Jakarta (ANTARA News) - Pemerintah diminta membantu industri farmasi, utamanya yang berskala sedang dan kecil, untuk menerapkan standar terkini dalam praktik produksi obat yang baik (current Good Manufacturing Practices/c-GMP).
"Itu adalah konsekuensi logis untuk menyetarakan kompetensi tetapi saat ini industri farmasi kita sedang tidak tumbuh, kemampuan setiap industri farmasi juga berbeda. Karena itu dukungan pemerintah khususnya pada industri sedang dan kecil sangat diperlukan," kata pengamat industri farmasi Indonesia Amir Hamzah Pane di Jakarta, Rabu.
Menurut dia dalam hal ini pemerintah harus membuat regulasi yang kondusif seperti memberikan insentif keringanan pajak kepada industri farmasi berskala sedang dan kecil.
"Atau membantu pertumbuhan sektor farmasi dengan memberikan pangsa pasar yang lebih besar bagi industri farmasi dalam memenuhi kebutuhan obat pemerintah," katanya.

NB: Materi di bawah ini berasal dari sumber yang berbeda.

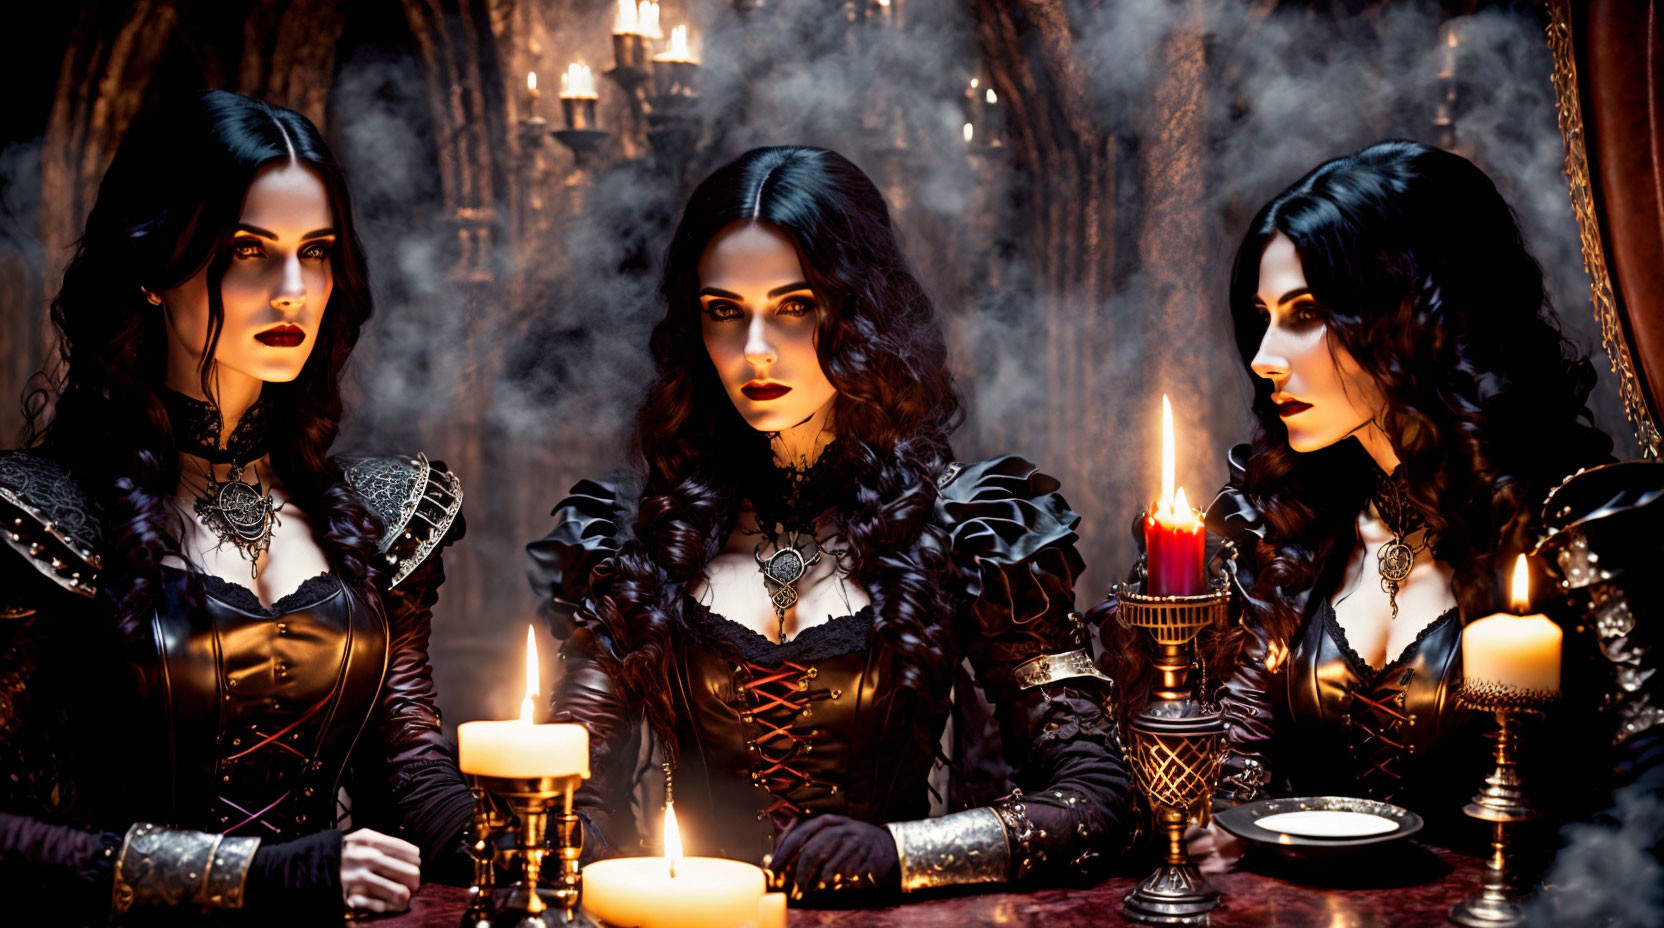 Dissenters of The Vampire Coven

Amir mengatakan penerapan c-GMP merupakan konsekuensi logis yang harus dilakukan untuk menyetarakan kompetensi dan meningkatkan daya saing industri farmasi dalam negeri di pasar regional dan global.
Namun kemampuan industri farmasi dalam negeri dalam menerapkan standar produksi farmasi terkini yang diisyaratkan dalam c-GMP menurut dia sangat beragam.
Ia menjelaskan saat ini memang terdapat 20 perusahaan farmasi yang dikategorikan sebagai perusahaan farmasi besar yang menguasai hampir 60 persen pangsa pasar obat nasional dan dianggap mampu menerapkan standar c-GMP secara mandiri.
"Tetapi di samping itu juga ada 140 perusahaan farmasi sedang yang hanya menguasai sekitar 20-30 persen pangsa pasar dan perusahaan farmasi kecil yang mungkin hanya memproduksi satu produk," katanya.
Menurut dia sebagai regulator pemerintah harus memperhatikan keragaman kemampuan industri farmasi dalam menentukan kerangka kerja dan tenggat waktu pencapaian target untuk menyetarakan kompetensi seluruh industri farmasi dalam negeri.
Hal itu menurut dia perlu dilakukan agar kebijakan pemerintah tersebut justru tidak menyebabkan kematian industri farmasi kecil yang selanjutnya akan berdampak pada bertambahnya angka pengangguran.
"Sebab untuk menerapkan c-GMP industri farmasi harus melakukan penyesuaian berdasarkan standarisasi teknis, standarisasi sistem pelaporan dan standarisasi hal yang lain termasuk dalam hal pelabelan. Itu semua berimplikasi pada biaya," demikian Amir Hamzah Pane yang juga Ketua LSM Indonesian Pharmacitical Watch (IPhW).(*)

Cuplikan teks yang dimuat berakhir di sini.